MONCHI IN ZONA MISTA

È difficile spiegare, credo che ci siano molte cose che non vanno bene. Bisogna analizzare il problema e trovare soluzione. Assumiamoci le responsabilità e ora, con la sosta, dobbiamo pensare tranquillamente nel trovare delle soluzioni. Magari bisogna parlare di meno e fare di più”.

Il mercato?
“Per arrivare nel mercato bisogna avere i soldi, voi sapete la nostra situazione. La soluzione va cercata a Trigoria”.

Cosa è cambiato a livello sportivo?
“È difficile da spiegare, alcune volte i problemi sportivi derivano da problemi mentali. Magari non abbiamo amministrato bene alcuni risultati positivi: dopo il primo posto in Champions e la vittoria del derby siamo calati”.

Come è possibile questo crollo?
“Negli ultimi 16 anni sono cambiati molti effettivi in società. Il problema non sono solo le persone ma anche le mentalità”.

Se Di Francesco rischia?
“Abbiamo altri problemi, l’allenatore è forte”.

Se l’esclusione di Nainggolan può essere un passo per cambiare questa mentalità?
“È stata una decisione presa perché lui non ha fatto una cosa buona. La società ha pensato al meglio per il presente e per il futuro”.

Se ci saranno cessioni entro il 30 giugno?
“Forse sarà così. Il primo problema è sportivo ma abbiamo anche altri problemi, dovremo trovare soluzioni”.

Che idea mi sono fatto sui problemi della Roma?
“Stiamo lavorando tutti i giorni per provare a cambiare la storia, non è facile”.

MONCHI A ROMA TV

La sua analisi sul momento? 
“Analisi difficile e negativa, non troviamo la strada che ci serve. Siamo in una situazione difficile e le sensazioni sono brutte”.

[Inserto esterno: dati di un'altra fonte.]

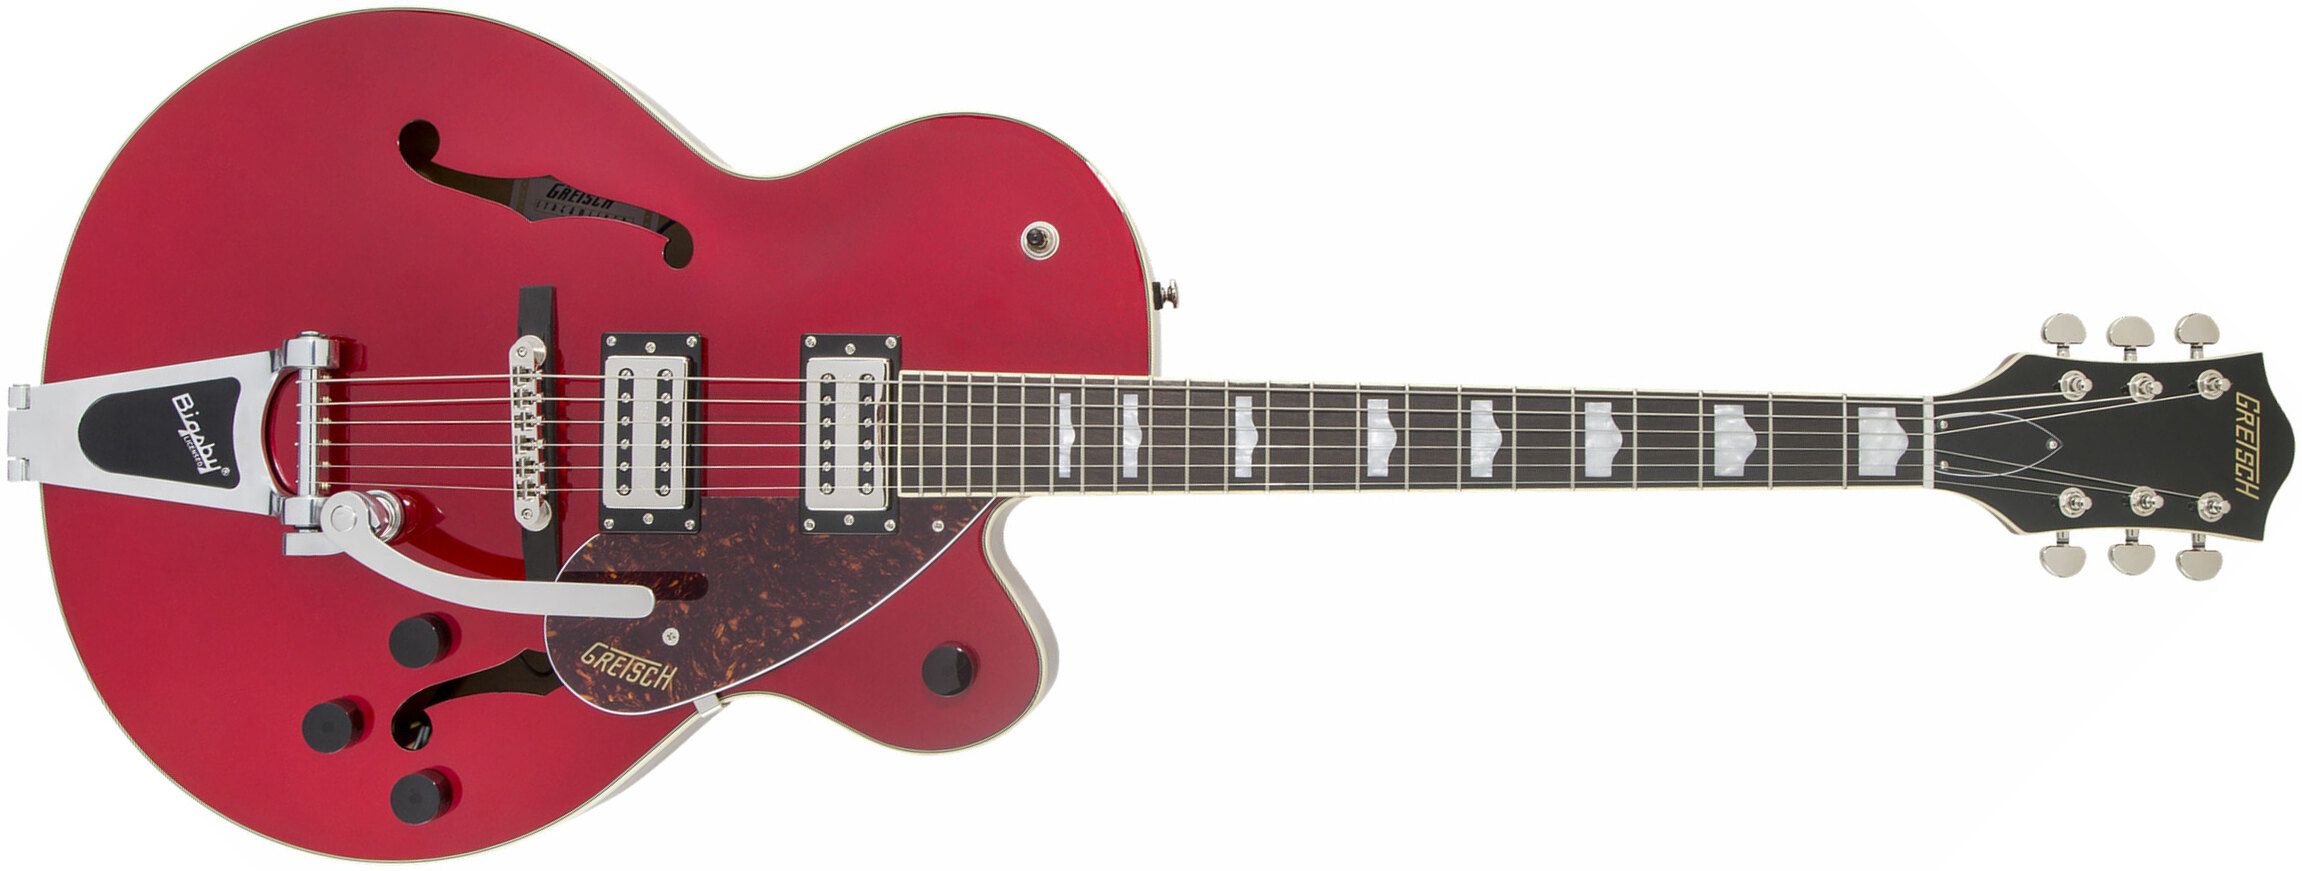 Gretsch G2420t Streamliner Hollow Body Bigsby Hh Trem Lau - Candy Apple Red - Guitarra eléctrica semi caja - Main picture

Dove ha individuato un problema? 
“Non credo che ci sia solo un problema, ma ne abbiamo di più. Ci sono problemi sportivi, mentali e di atteggiamento, non siamo arrivati qua solo per una cosa. Ora dobbiamo lavorare insieme per trovare soluzioni”.

Quindi si tratta di diverse componenti? 
“Sì, come ho detto prima, non si tratta solo di una cosa ma di più problemi. Dobbiamo scovarli e lavorare per trovare soluzioni, oggi la situazione è brutta. Le sensazioni sono negative e siamo professionisti, quindi serve lavorare con la testa alta cercando soluzioni”.

I problemi sono gravi? 
“Sì, dobbiamo essere una squadra grande. Due sconfitte per una grande definiscono una crisi, dobbiamo affrontare tutto con mentalità pensando che stiamo facendo male, io per primo”.

C’è un senso di smarrimento… 
“Credo che non dobbiamo parlare fuori da Trigoria dei nostri problemi, ma si deve lavorare insieme dentro Trigoria. Penso sia giusto così, dire pubblicamente quali sono le problematiche penso non porti a niente”.

MONCHI A SKY

Se a inizio dicembre le avessero detto di questo periodo? 
“Avevo detto che dopo aver vinto il derby e il primo posto nel girone dovevamo dimostrare che la Roma era in crescita. Dovevamo vincere e non l’abbiamo fatto, siamo in un momento difficile. Dobbiamo lavorare insieme, con la testa alta e cercando soluzioni, perché il problema è arrivato”.

Cercare soluzioni individuali è sbagliato? 
“Questo succede quando non si arriva a fare cose positive, ognuno vuole fare da solo. Questo non male perché significa che c’è cuore ma dobbiamo lavorare insieme perché è uno sport collettivo”.

Nainggolan è ancora un giocatore da Roma? 
“Non c’è niente. Nainggolan ha visto la partita vicino a me, ha sbagliato, ha preso una sanzione ma resterà nel futuro della Roma”.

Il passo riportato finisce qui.